Song Phi Nong (, ) is the southernmost district (amphoe) of Suphan Buri province, central Thailand.

History
The district was established in 1896. In the past the area of the district included U Thong district. The district office was moved away from the Song Phi Nong canal to the present location in 1964 because the old location was prone to flooding.

Its name Song Phi Nong means 'two siblings'. Presumably it refers to the confluence of two watercourses Tha Wa and Chorakhe Sam Phan before flowing to Tha Chin River.
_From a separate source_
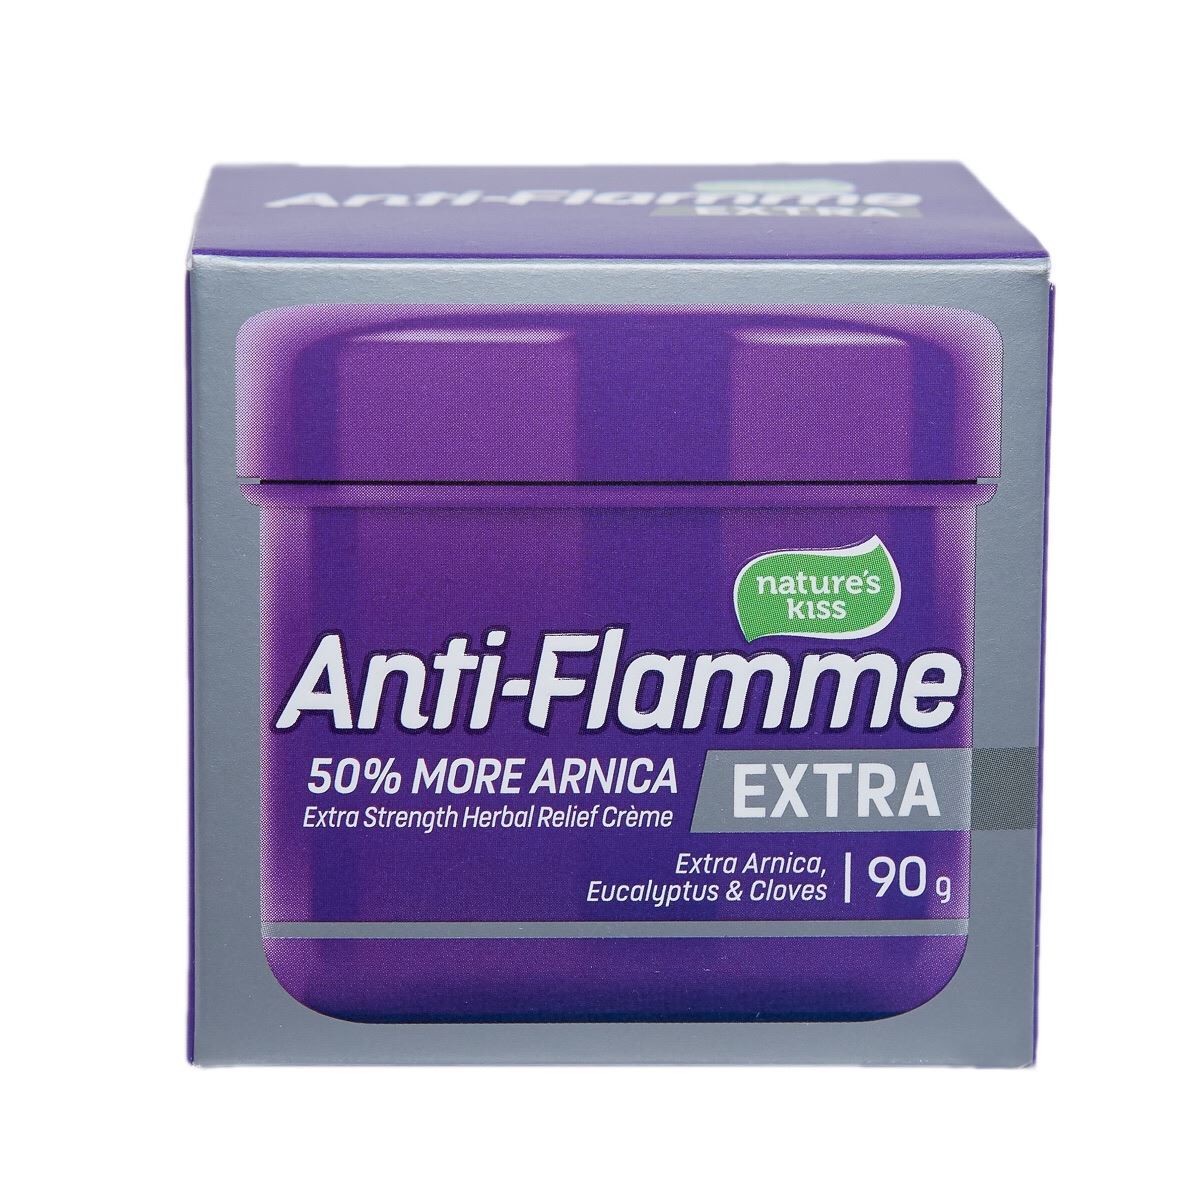 Anti-Flamme Extra Herbal Relief Crème 90g

There is also another explanation that is a folk tale about two brothers or two elephants that are siblings.

Geography
Neighboring districts are (from the north clockwise): U Thong and Bang Pla Ma of Suphan Buri Province; Lat Bua Luang of Ayutthaya province; Bang Len and Kamphaeng Saen of Nakhon Pathom province; and Tha Maka and Phanom Thuan of Kanchanaburi province.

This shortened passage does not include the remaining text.